Wspólnota chce mnie pozbawic części wspólnej

KresowiakKresowiak Użytkownik
edytowano stycznia 2016 w Zarządzanie Nieruchomościami
Witam..

Czy wspólnota moze mnie uchwałą pozbawic możliwości kożystania z części wspólnej czyli strychu? Strych jest bardzo duzy i trzemam na Nim sobie drewno do kominka. Wspólnota chce mnie pozbawic możliwości kożystania ze strychu. Czy mogą to zrobic? druga sprawa czy uchwałą mogą zabronic wszystkim mieszkańcom trzymania czego kolwiek na strychu? ludzie trzymaja tam stare stoły, kartony po telewizorach itp..

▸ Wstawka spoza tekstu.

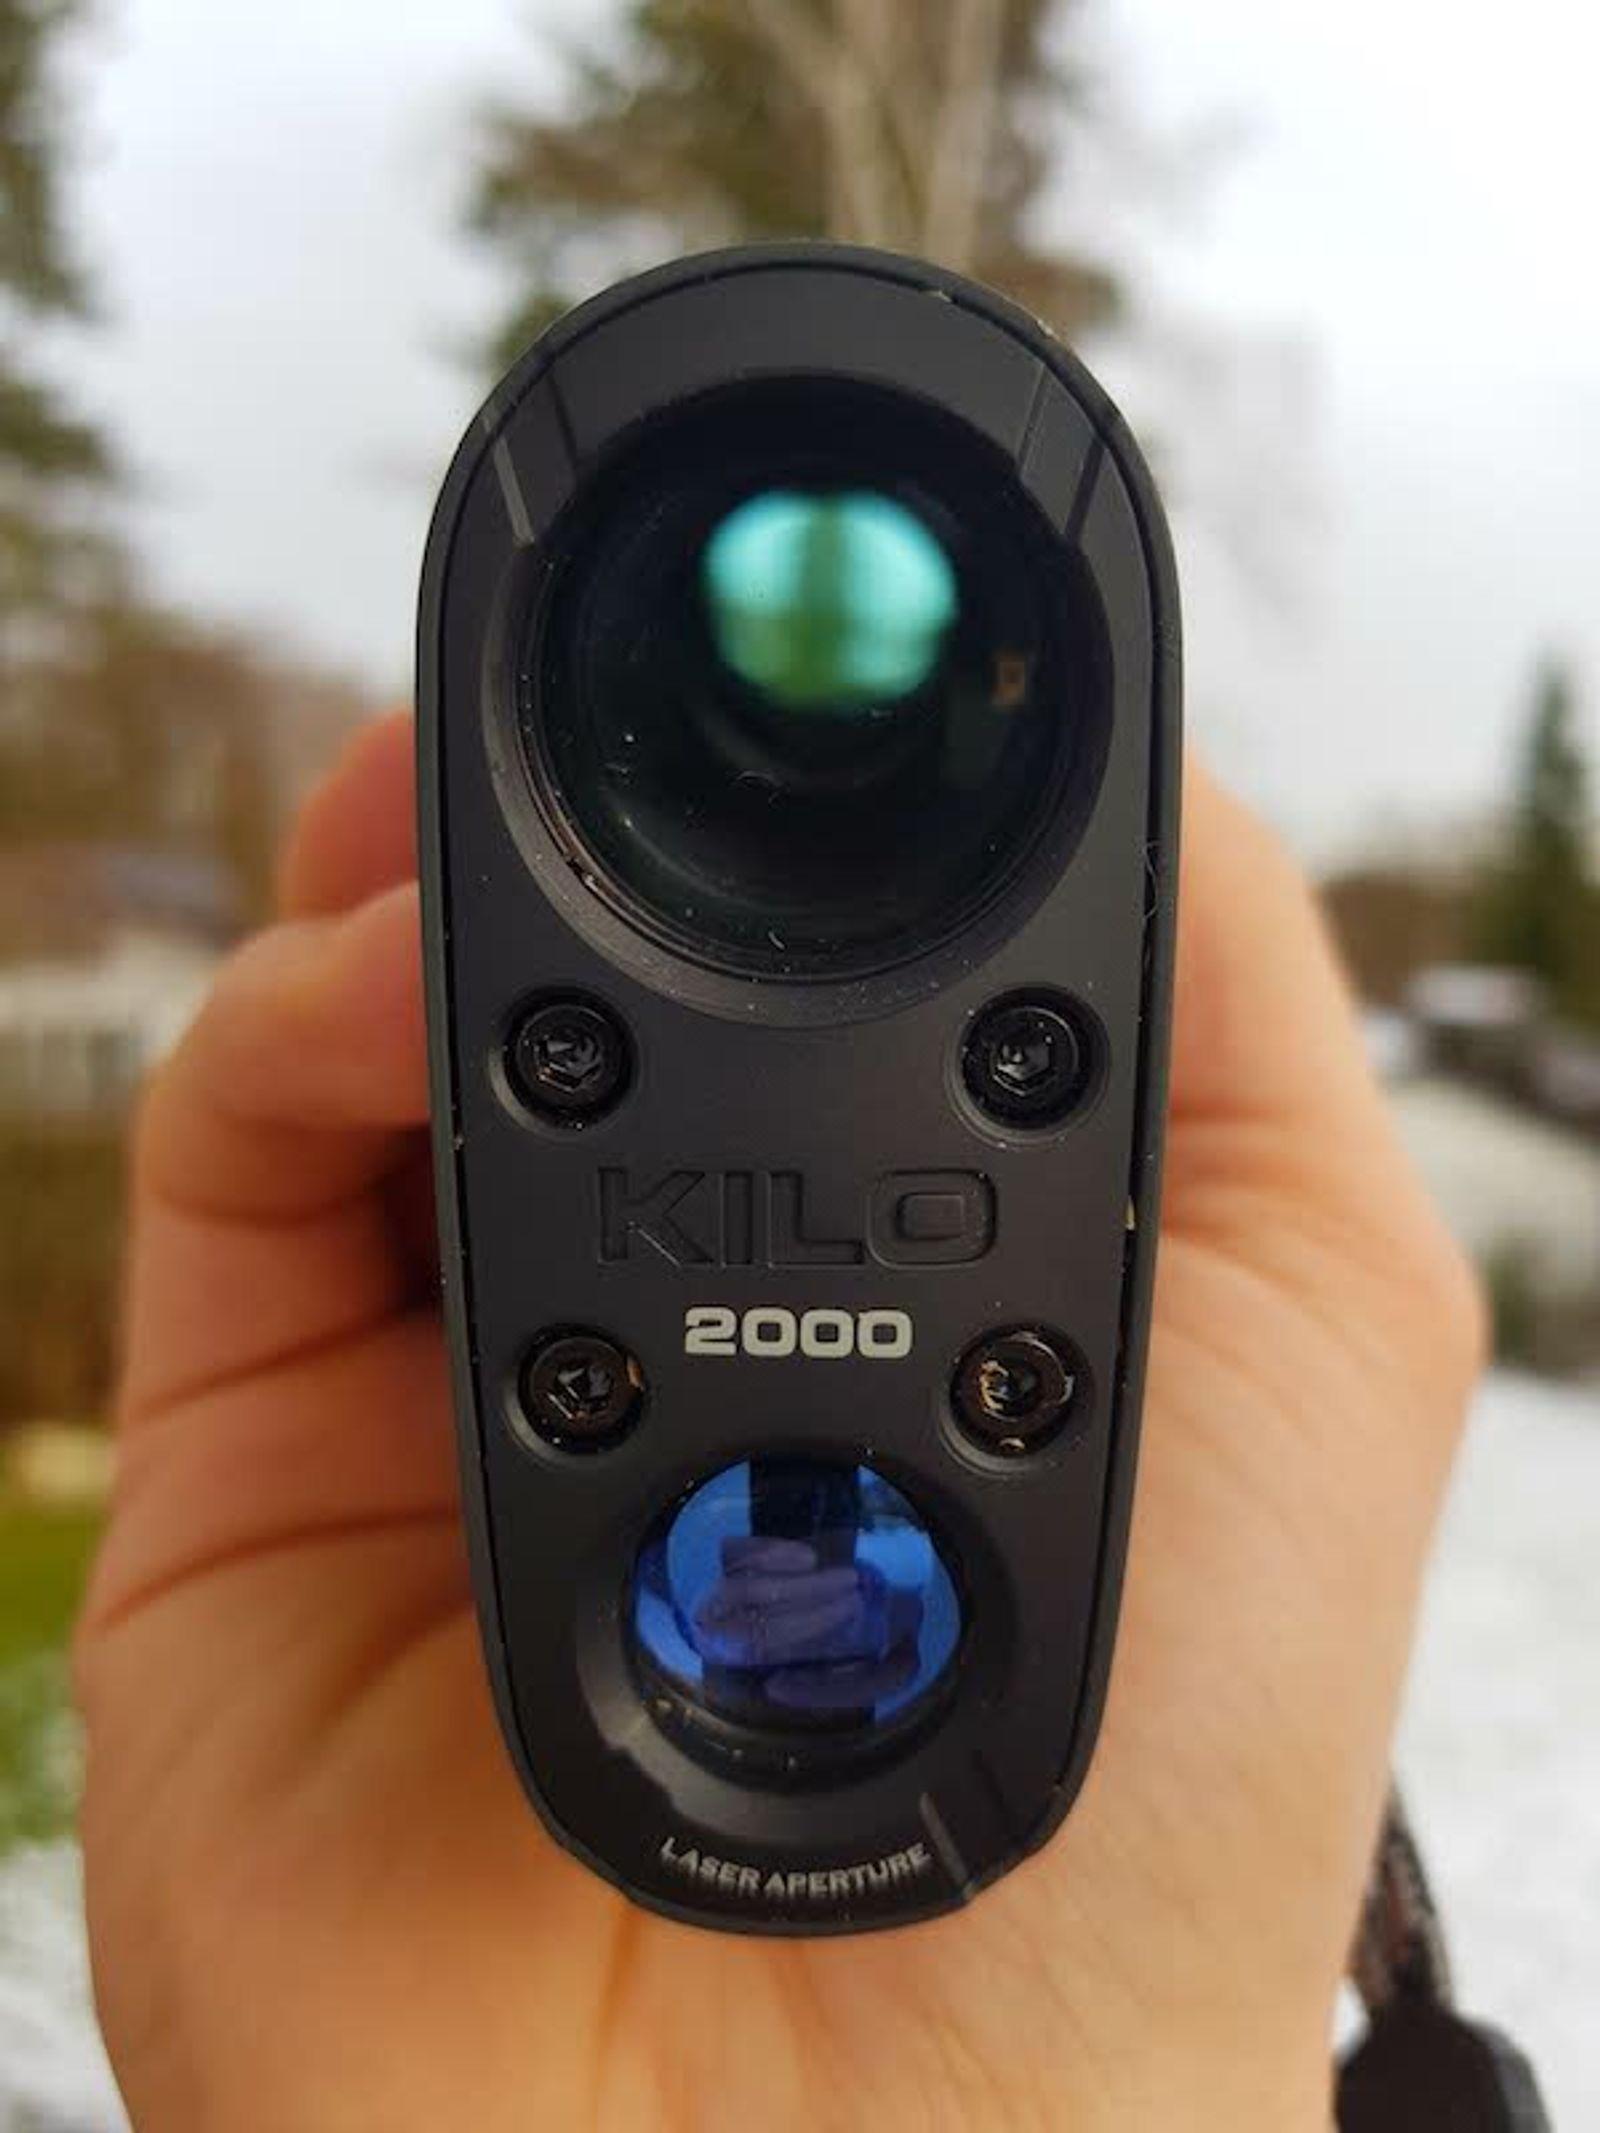 Laserentfernungsmesser (Rangefinder) Sig Sauer Kilo2000

Z tego co sie orientuje to moge wystąpic do wspolnoty o wyznaczenie mi mojej czesci strychu i nawet czytałem ze ludzie sobie budują scianki z dzwiami i robią sobie takie mini komórki na strychach?

Dzieki za odpowiedz

Komentarze

  • Opcje
    tradertrader Użytkownik
    edytowano listopada -1
    O sposobie korzystania ze strychu decyduje wspólnota.
    Przechowywanie drewna do kominka na strychu jest wygodne, ale stanowi zagrożenie pożarowe.
    Stare graty wyrzuć na śmietnik.
  • Opcje
    LaluniaLalunia Użytkownik
    edytowano listopada -1
    Wspólnota nie może nikogo pozbawić możliwości korzystania z nieruchomości wspólnej, chyba że w drodze podziału do korzystania w formie aktów notarialnych podpisanych przez wszystkich właścicieli lokali.
    Należy jednak pamiętać, że właściciel lokalu ma prawo do współkorzystania z nieruchomości wspólnej zgodnie z jej przeznaczeniem (art.12 ust.1 UWL). Należałoby sprawdzić czy strych może być wykorzystywany na przechowywanie, czy mieści się to w zakresie jego przeznaczenia. Wydawać by się mogło, że tak.
  • Opcje
    ZarządcaZarządca Zarzadca.pl ZARZADCA.PL
    edytowano stycznia 2016
    Drewno to materiał łatwopalny, jego przechowywanie na strychu, jak już napisano powyżej, stwarza zagrożenie pożarowe. Wspólnota odpowiada za stan budynku, którym zarządza, oczywiście, że ma prawo wezwać do usunięcia składowanych przedmiotów. To nie jest przypadek pozbawienia korzystania, korzystać właściciel może, ale zgodnie z przeznaczeniem.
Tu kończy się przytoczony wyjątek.